Hayırsever Büyük İnsan

Hayırsever Büyük İnsan

...Orta boylu, zayıf, çekik gözlü, siyah burma bıyıkları olan maden sahibi epey süre yerinden kıpırdamayıp, göğe fışkıran petrolün çıkardığı müthiş manzarayı seyredəyordu. Gözlerinden kalbinin sevinç ve kıvanç duygusuyla attığı belli oluyordu. Maden sahibi kükreyen petrolün bugünkü Azerbaycan,  özellikle de yeni yeni gelişmeye başlayan Bakü için ne kadar önemli olduğunu, madende çalışan çalışkan insanların kaderini ne kadar etkilediğini çok iyi biliyordu. O içinden Ulu Yaradan'a, halkına verdiği bu eşsiz nimet için teşekkür ediyordu...

İşçilerin saygıyla "bizim efendi" dedikleri bu adam ünlü Bakü milyoncusu İsa Bey Hacınski'ydi.
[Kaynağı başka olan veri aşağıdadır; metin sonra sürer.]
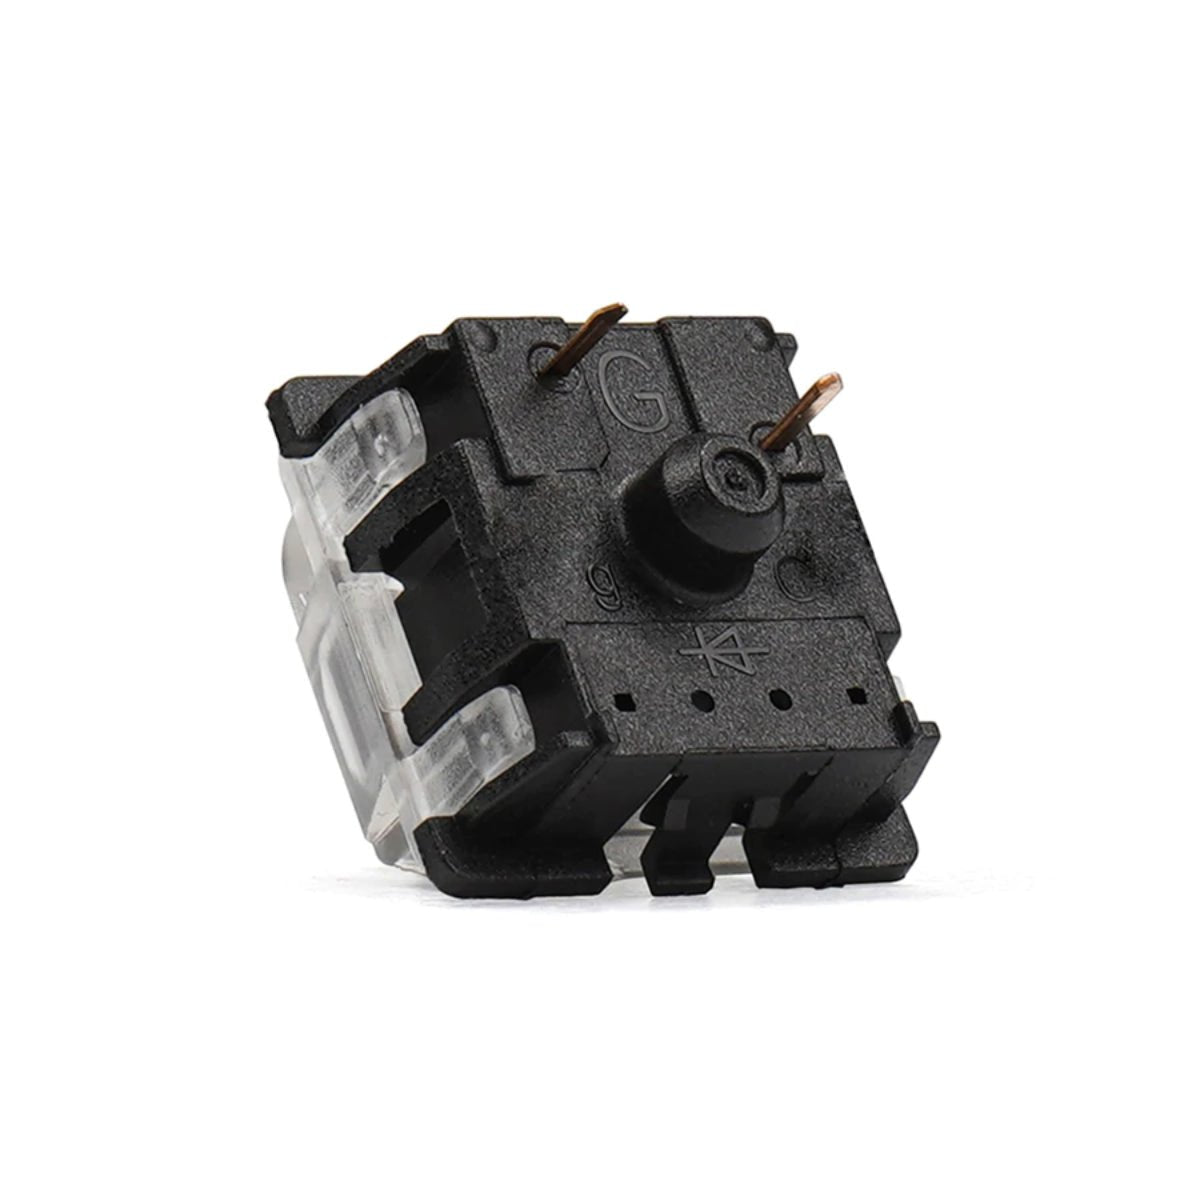 KBD Fans Gateron Tactile Switches 3 pin - Green - Store 974 | ستور ٩٧٤

...İsa Bey 1860 yılında Bakü'de, asil ailede doğru. Babasından birkaç köşk ve büyük arsa kalmıştı. Kısa bir süre sonra bu arsalarda petrol yatakları bulundu. Madenlerde profesyonel işçiler çalışıyordu. Onların maaşlarıysa Nobel'in, Rotshild'in, Montaşov'un işçilerinin maaşlarından defalarca çoktu.

İsa Beyin Bibiheybet'te de zengin petrol madenleri vardı. Hazar denizindeki Çeleken adası onun ve kardeşi Kazım Beyindi. Kara Şehirde'se onun fabrikası vardı.

Hacınski'ler hem de güzel binalar yapan aile olarak ünlenmişlerdi. Bunların en muazzamı Hacınski'nin Evi gibi tanınan ve Kız Kalesinin yakınındaki binaydı.

Şehre ilk otomobili de milyoncu İsa Bey getirmişti. O Bakü bulvarının yapılmasına epey para harcayarak, kendi köşkünü de deniz kıyısında yaptırmıştı. O zamanlar bulvar şimdiki Kukla Tiyatrosu binasından Azneft'in binasına kadar olan aradaydı. 1912 yılında İsa Bey şimdiki Neftçiler Caddesi, 103 adresinde bulunan binayı yaptırmak için mimarı İtalya'dan davet etmişti. Burada gotik, barok, modern vs. tarzlar ustalıkla birleştirildi. Muazzam köşkün girişinde mermerden yonulmuş aslan heykelleri vardı. Ne yazık ki 1918 Mart olayları sırasındaki parlayış sonucu bu heykeller parçalandı (Bu sırada, yakın dönemlerde Bakü'nün Fuzuli sokağında 10 metre kaydırılarak yeri değiştirilmiş tarihi bina da Hacinski'lere aitmiş).

İsa Bey evde eğitim almasında rağmen Arap, Fars, İngiliz, Fransız ve Alman dillerini çok iyi bilirdi. O evlatlarına da mükemmel eğitim vermişti. O Bakü Erkek Okulunun onur hamisiydi. Okulun Azerbaycanlı mezunlarından 25 kişi onun hesabına eğitim almak için Rusya'nın değişik şehirlerine gönderilmişti.

Bu hayırsever insan okulun tüm masraflarını karşılıyordu, hatta öğrencilerin yaz tatillerinde dinlenmeleri için Pyatgorsk civarında, Kafkasya demiryolunun Karras istasyonu yakınında boş arsa alarak orada güzel bir köşk de yaptırmıştı. Okul ücretli olsa da, fakir çocukları burada bedava eğitim alıyorlardı (Şuanda bu binada 4 sayılı şehir hastanesi bulunmaktadır).

1918 yılının mart katliamları bu hayırsever insanı çok etkiledi ve o 1919 yılında vefat etti. İsa Bey Muhammet Beyin kızı Hayransa Hanım Hanlarova'yla evlenmişti. Onların Sadık Bey, Ahmet Bey, Ali Bey adlı erkek çocukları, Zübeyde Hanım adlı kızı vardı. Bolşevikler Azerbaycan'ı işgal ettikten sonra Sadık, Ahmet ve Ali beyler Fransa'ya muhaceret etmek zorunda kaldılar. Kızı Zübeyde ve eşi Hayransa Hanımsa Bakü'de kaldılar. Onları yaşadıkları şaşalı köşkten kovdular. Zaten Merdekan'daki yazlıklarında da rahat yaşamalarına fırsat vermediler.